2. Discriminant (D):
D = b² - 4ac

• D > 0 → Two distinct real roots
• D = 0 → Two equal real roots
• D < 0 → Complex/imaginary roots (no real solution)

3. Vieta’s Formulas (Root Relationships):
If α and β are roots:

• Sum: α + β = -b/a
• Product: αβ = c/a

4. Factorization Method:
Split the middle term bx into two terms whose product equals a × c and sum equals b.

5. Root Comparison Rule:
Solve both equations, list roots in ascending order, then compare every possible pair. If all combinations yield the same inequality, establish a relation. Otherwise, relation cannot be established.

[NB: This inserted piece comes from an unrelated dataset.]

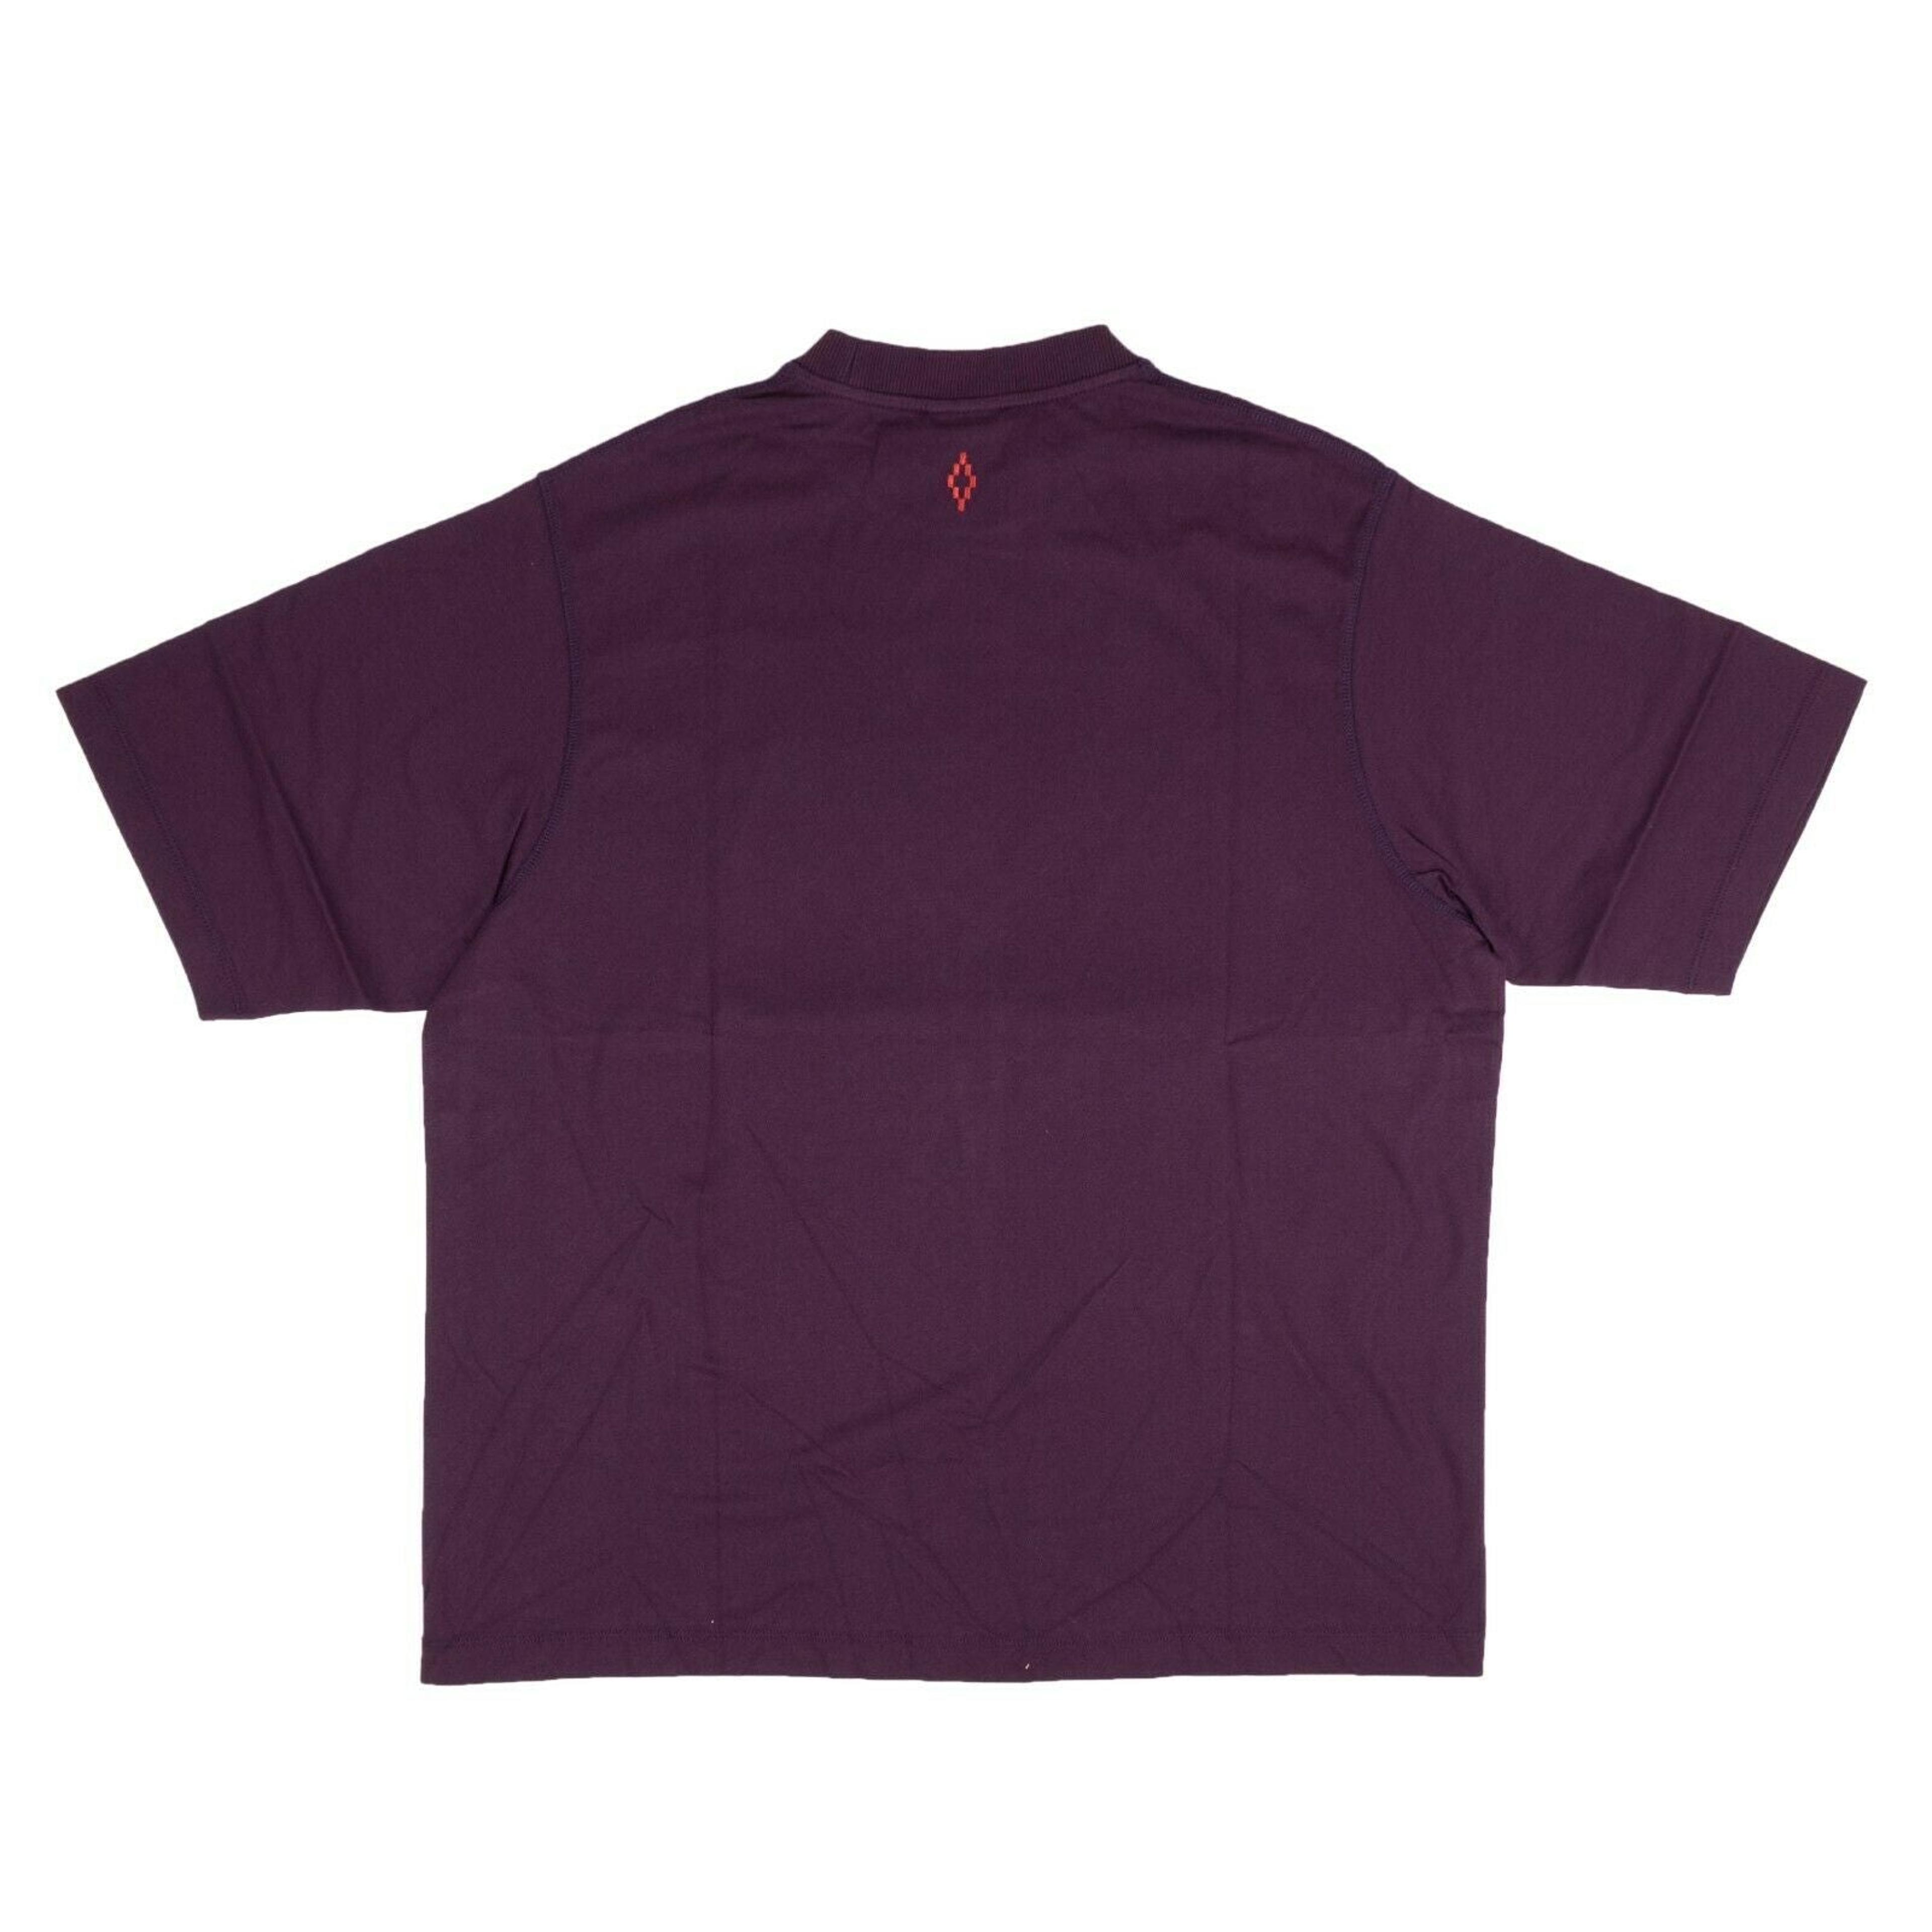 Alternate View 1 of Marcelo Burlon Graphic T-Shirt - Purple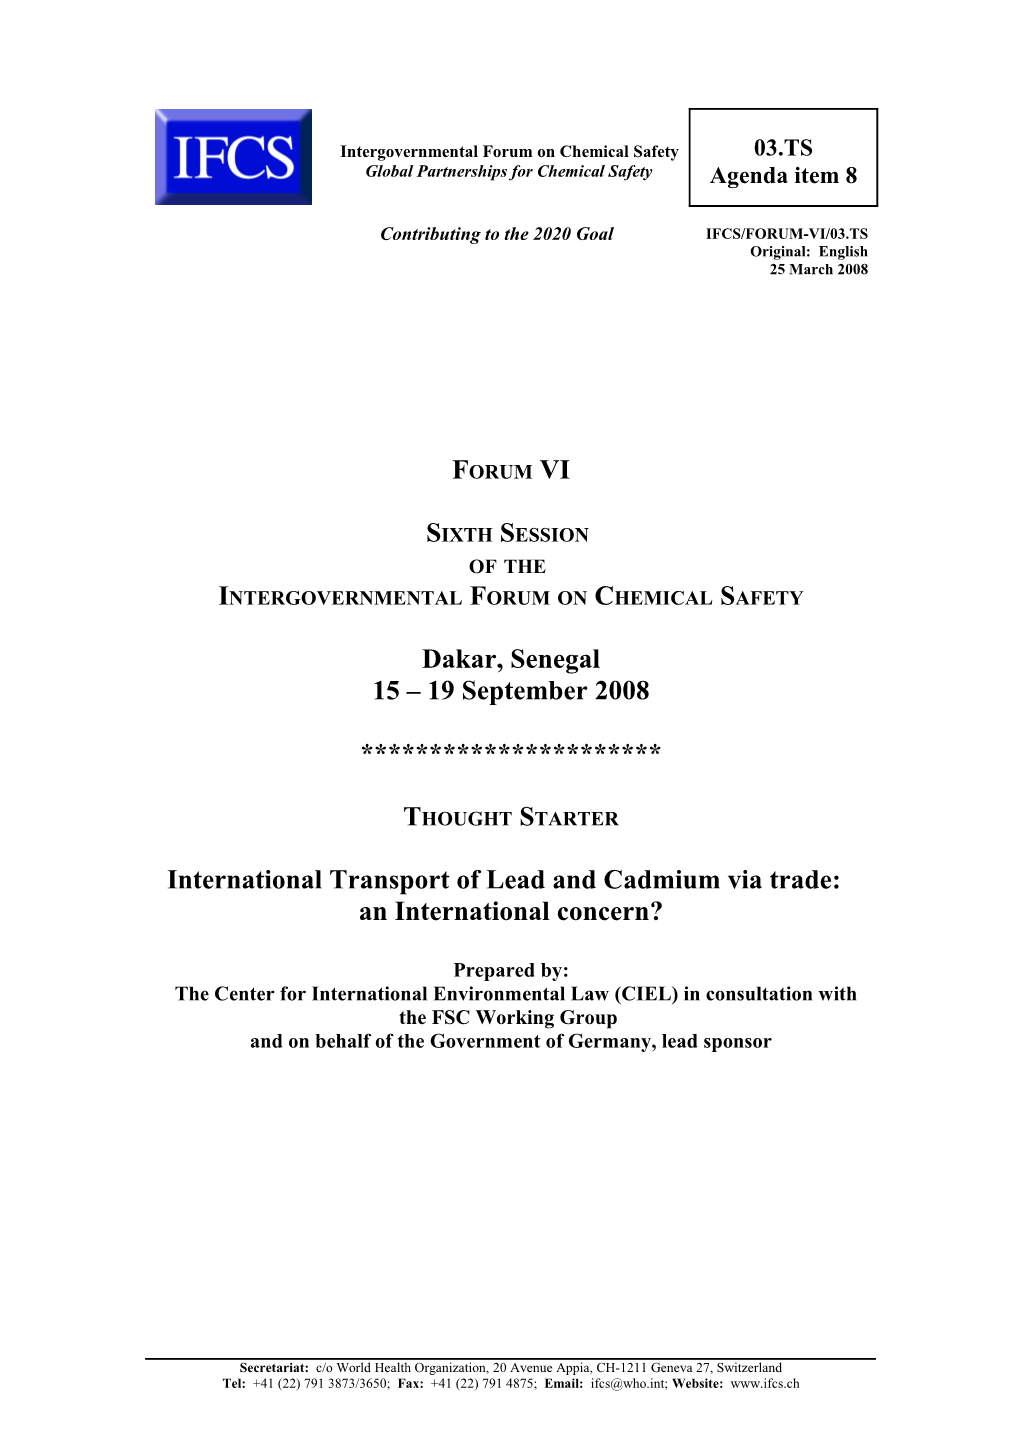 International Transport of Lead and Cadmium Via Trade

Solved Examples (Basic Level)

1. Solve: 2x² - 7x + 3 = 0
Product = a×c = 6, Sum = -7. Split: -6x - x
2x² - 6x - x + 3 = 0 → 2x(x - 3) - 1(x - 3) = 0
(2x - 1)(x - 3) = 0 → x = 1/2, 3

2. Solve: x² - 5x + 6 = 0
Split: -3x - 2x → x(x - 3) - 2(x - 3) = 0
(x - 3)(x - 2) = 0 → x = 3, 2

3. Use quadratic formula: 3x² + 2x - 1 = 0
a=3, b=2, c=-1, D = 4 + 12 = 16
x = [-2 ± √16]/6 → x = (-2+4)/6 = 1/3, x = (-2-4)/6 = -1

4. Find nature of roots: 4x² + 4x + 1 = 0
D = 16 - 16 = 0 → Roots are real and equal.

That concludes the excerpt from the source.